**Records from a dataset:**
Segment Open
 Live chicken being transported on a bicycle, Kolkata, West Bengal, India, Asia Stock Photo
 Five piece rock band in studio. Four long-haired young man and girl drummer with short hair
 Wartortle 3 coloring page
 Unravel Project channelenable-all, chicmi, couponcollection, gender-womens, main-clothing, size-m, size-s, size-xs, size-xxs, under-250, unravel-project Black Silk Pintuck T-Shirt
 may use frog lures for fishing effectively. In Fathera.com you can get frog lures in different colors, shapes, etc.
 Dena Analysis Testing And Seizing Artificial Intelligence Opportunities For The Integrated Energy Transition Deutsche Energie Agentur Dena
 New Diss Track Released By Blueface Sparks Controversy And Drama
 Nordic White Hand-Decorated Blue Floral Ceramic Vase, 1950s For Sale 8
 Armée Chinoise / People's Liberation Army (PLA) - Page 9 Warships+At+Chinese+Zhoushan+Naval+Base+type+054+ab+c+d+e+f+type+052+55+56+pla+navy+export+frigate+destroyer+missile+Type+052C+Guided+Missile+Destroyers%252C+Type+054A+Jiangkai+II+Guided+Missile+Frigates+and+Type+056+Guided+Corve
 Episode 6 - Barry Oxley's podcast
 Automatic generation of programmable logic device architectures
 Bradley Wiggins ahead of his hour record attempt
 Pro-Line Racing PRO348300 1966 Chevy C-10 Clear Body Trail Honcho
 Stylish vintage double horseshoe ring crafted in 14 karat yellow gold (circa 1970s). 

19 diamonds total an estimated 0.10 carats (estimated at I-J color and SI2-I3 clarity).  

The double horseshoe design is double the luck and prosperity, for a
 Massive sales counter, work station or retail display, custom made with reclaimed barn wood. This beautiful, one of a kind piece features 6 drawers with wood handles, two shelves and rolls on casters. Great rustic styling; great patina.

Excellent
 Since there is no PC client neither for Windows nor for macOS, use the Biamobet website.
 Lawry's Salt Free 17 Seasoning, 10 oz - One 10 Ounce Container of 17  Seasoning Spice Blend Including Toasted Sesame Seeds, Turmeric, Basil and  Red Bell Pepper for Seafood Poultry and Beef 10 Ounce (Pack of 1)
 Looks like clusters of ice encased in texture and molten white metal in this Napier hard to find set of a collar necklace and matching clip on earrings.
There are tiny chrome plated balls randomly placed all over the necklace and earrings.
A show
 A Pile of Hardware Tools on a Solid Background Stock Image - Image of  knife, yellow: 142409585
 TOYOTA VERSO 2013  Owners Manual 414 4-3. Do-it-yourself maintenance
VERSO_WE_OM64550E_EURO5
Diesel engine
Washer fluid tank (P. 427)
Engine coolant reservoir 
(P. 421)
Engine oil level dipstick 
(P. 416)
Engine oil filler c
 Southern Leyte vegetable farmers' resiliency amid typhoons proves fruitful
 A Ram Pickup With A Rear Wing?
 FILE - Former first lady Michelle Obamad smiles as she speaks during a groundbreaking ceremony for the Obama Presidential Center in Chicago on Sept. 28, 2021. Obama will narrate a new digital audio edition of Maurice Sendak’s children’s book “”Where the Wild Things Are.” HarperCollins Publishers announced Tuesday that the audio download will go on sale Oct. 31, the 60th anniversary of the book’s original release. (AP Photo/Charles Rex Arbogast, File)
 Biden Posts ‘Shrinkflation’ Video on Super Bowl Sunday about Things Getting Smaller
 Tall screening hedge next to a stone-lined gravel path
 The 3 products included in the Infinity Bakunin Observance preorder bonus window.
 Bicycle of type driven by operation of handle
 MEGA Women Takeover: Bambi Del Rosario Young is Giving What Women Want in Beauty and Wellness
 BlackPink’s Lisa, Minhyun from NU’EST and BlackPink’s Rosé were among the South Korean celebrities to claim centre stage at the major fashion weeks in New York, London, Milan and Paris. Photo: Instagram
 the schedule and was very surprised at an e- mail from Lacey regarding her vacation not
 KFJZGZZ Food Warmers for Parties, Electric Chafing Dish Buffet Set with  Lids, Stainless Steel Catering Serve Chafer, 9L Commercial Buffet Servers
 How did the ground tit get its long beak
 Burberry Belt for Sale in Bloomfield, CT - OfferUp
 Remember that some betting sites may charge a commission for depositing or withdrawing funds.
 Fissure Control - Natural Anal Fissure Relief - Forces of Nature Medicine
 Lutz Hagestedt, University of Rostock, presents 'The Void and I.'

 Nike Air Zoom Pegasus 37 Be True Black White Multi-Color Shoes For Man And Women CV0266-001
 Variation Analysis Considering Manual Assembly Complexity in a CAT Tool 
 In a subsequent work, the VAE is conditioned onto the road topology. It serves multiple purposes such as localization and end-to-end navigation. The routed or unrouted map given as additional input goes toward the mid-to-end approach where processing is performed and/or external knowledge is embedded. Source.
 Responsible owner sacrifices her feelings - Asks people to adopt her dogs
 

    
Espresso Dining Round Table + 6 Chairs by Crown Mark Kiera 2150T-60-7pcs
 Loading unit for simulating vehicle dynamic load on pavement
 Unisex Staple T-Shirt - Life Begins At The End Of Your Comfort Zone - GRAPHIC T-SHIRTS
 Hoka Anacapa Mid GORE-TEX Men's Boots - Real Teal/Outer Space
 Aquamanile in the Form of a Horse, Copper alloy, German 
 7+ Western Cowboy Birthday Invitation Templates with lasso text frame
Segment Closed
Among the lines above, which contain the word "Analysis"? Copy every one.

 Dena Analysis Testing And Seizing Artificial Intelligence Opportunities For The Integrated Energy Transition Deutsche Energie Agentur Dena
 Variation Analysis Considering Manual Assembly Complexity in a CAT Tool 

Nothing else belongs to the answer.